Outlook for the future
Combining ChatGPT and MQTT protocols can realize intelligent IoT systems, which have a wide range of application potential in smart home and industrial automation. Through natural language interaction, users can control the switch, brightness, color and other parameters of home equipment to achieve a more intelligent and comfortable living environment; In industrial automation, intelligent equipment maintenance and control using ChatGPT and MQTT can lead to a more efficient and intelligent manufacturing process.

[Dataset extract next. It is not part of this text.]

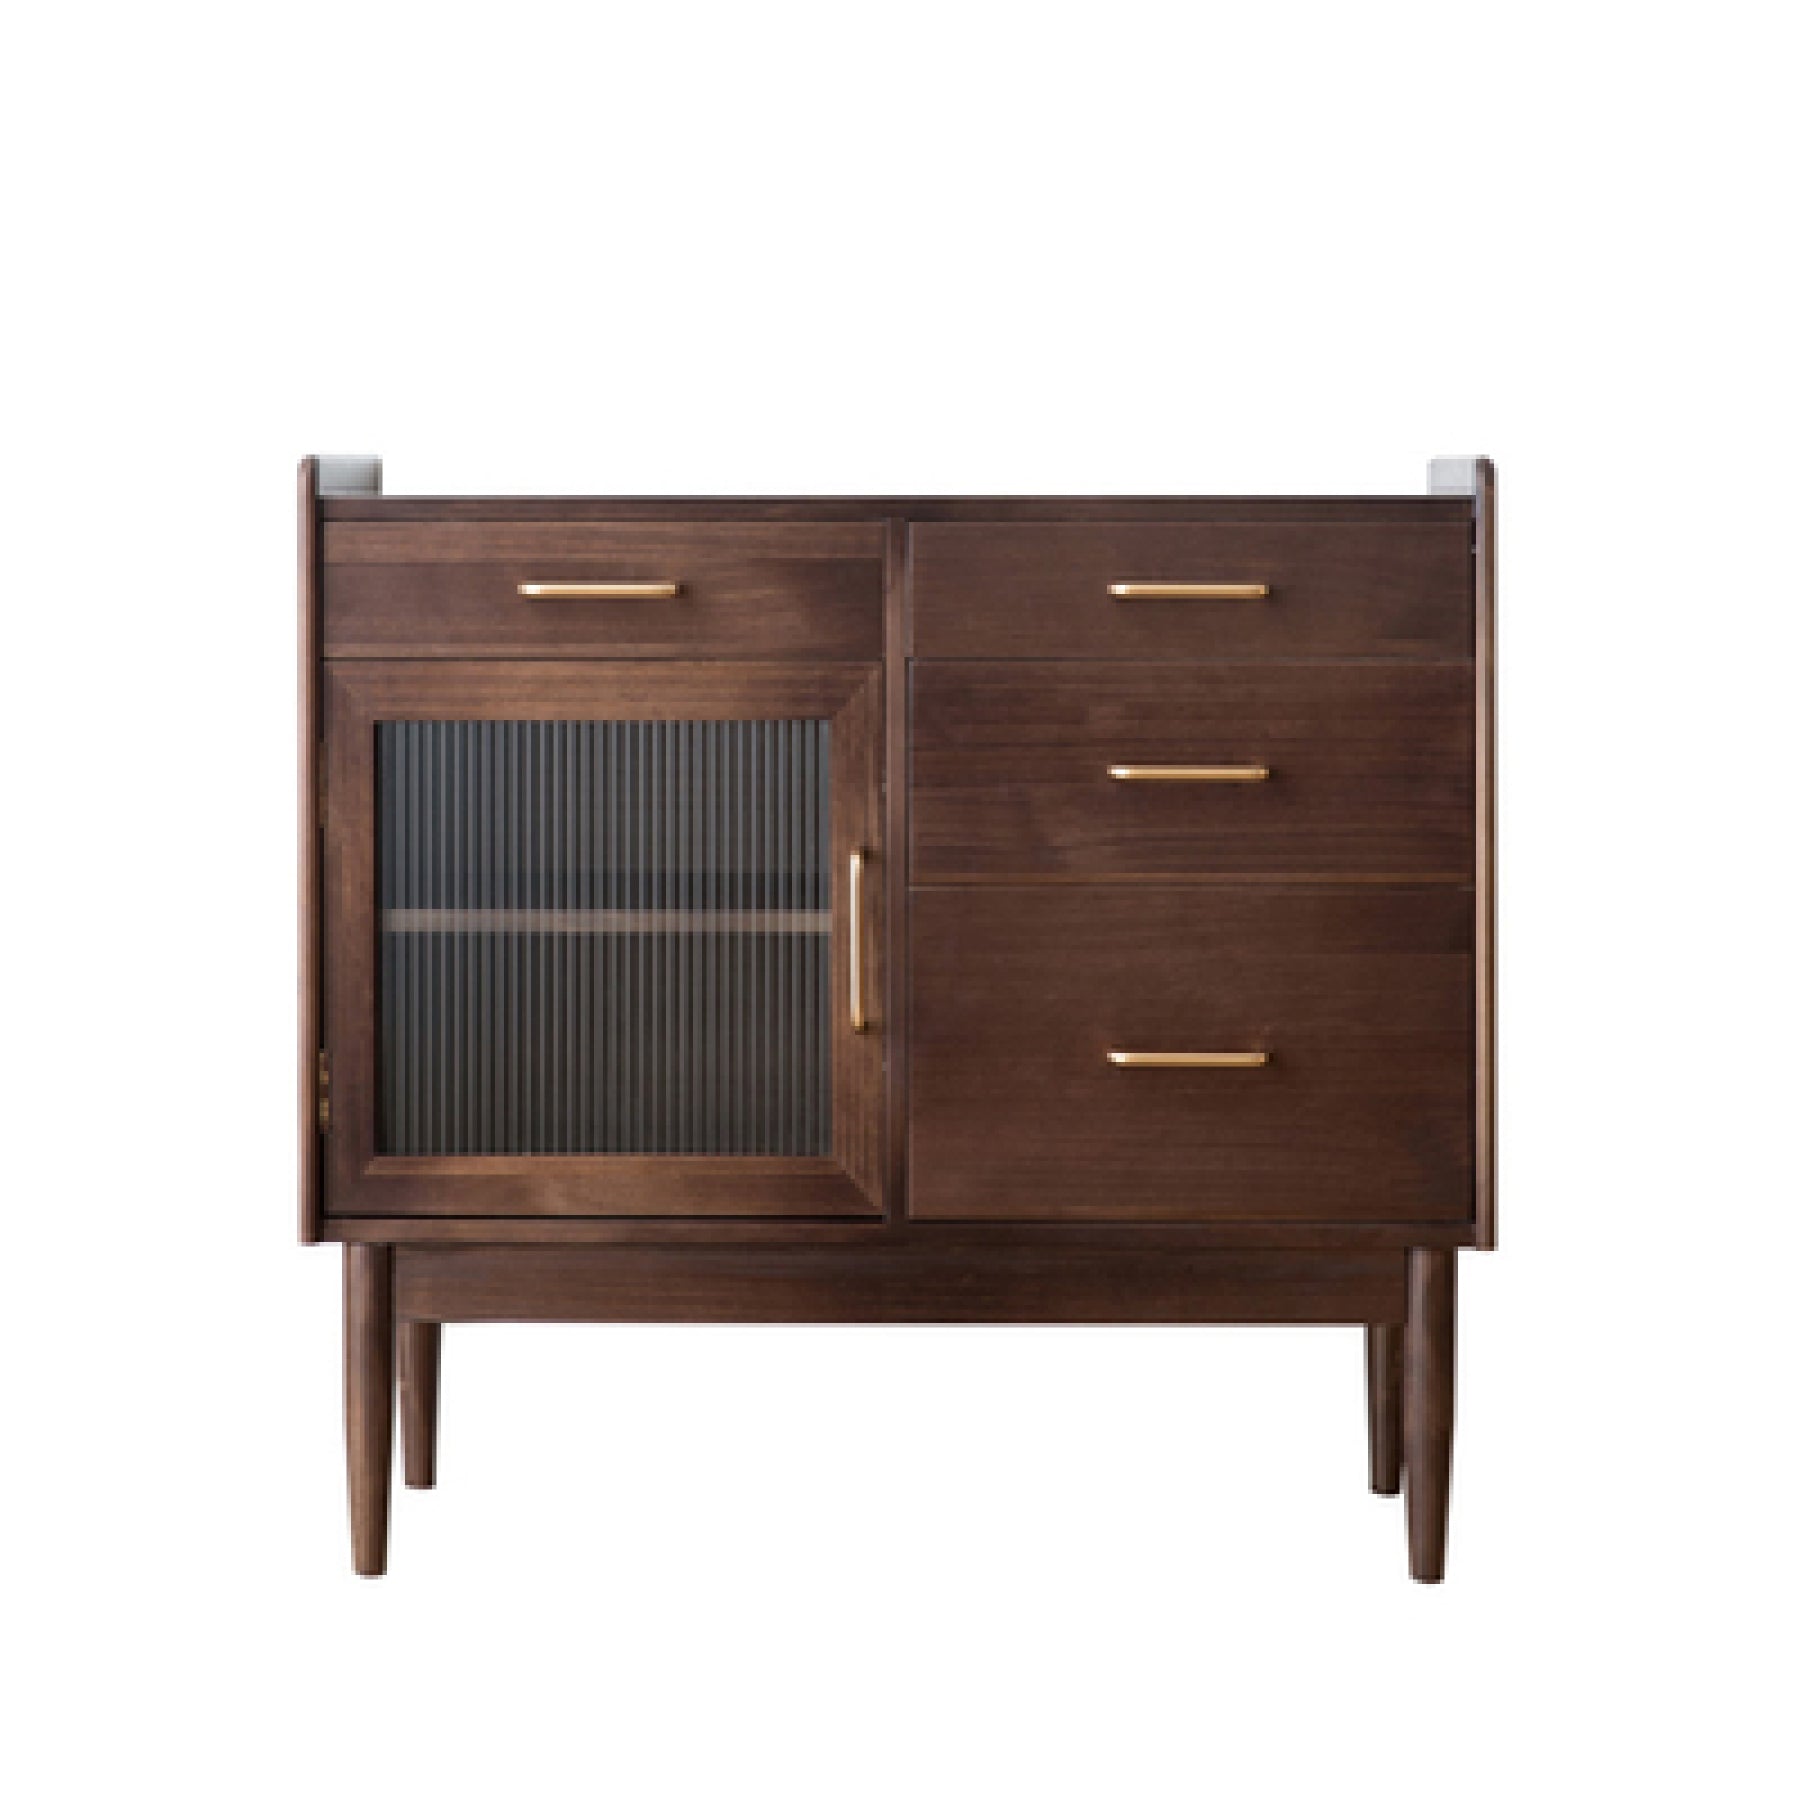 Tom Pine Wood Kitchen Storage Cabinet III

In the future, we can envision ChatGPT or smarter AGI tools playing more roles in improving efficiency and productivity in the IoT space, such as:
- Message parsing: Parses messages transmitted through MQTT to extract the required data and prepare for subsequent processing and analysis.
- Semantic understanding: Semantic understanding and processing of messages received from MQTT to extract more accurate information.
- Intelligent processing: Through AI technology, the received MQTT messages are intelligently processed to help users obtain the appropriate solution faster.
- User feedback: As a representative of intelligent interaction, receive user feedback through MQTT and provide corresponding responses.
- Virtual assistant: As a virtual assistant, it controls smart home devices through language recognition technology, provides users with smarter and more efficient services, and improves the convenience and comfort of life.
epilogue
In this blog, we briefly explore the combination of MQTT and ChatGPT and their potential applications. Through EMQX and MQTTX, combined with the API provided by Open AI, an AI application similar to ChatGPT is realized, and the integration of MQTT and ChatGPT is demonstrated by receiving and forwarding the processed data after using MQTT connection.
Although these technologies have not yet been put into production, as more AI-integrated products are available (such as New Bing's integration of GPT models into search engines, and GitHub's Copilot, etc.), we believe that the future development direction of artificial intelligence (AI) and Internet of Things (IoT) technologies will also include natural language interaction optimization, intelligent device control, and more innovative application scenarios.
In conclusion, the combination of MQTT and ChatGPT reveals an area worth paying attention to and exploring in depth. We look forward to these evolving innovations bringing us a better world.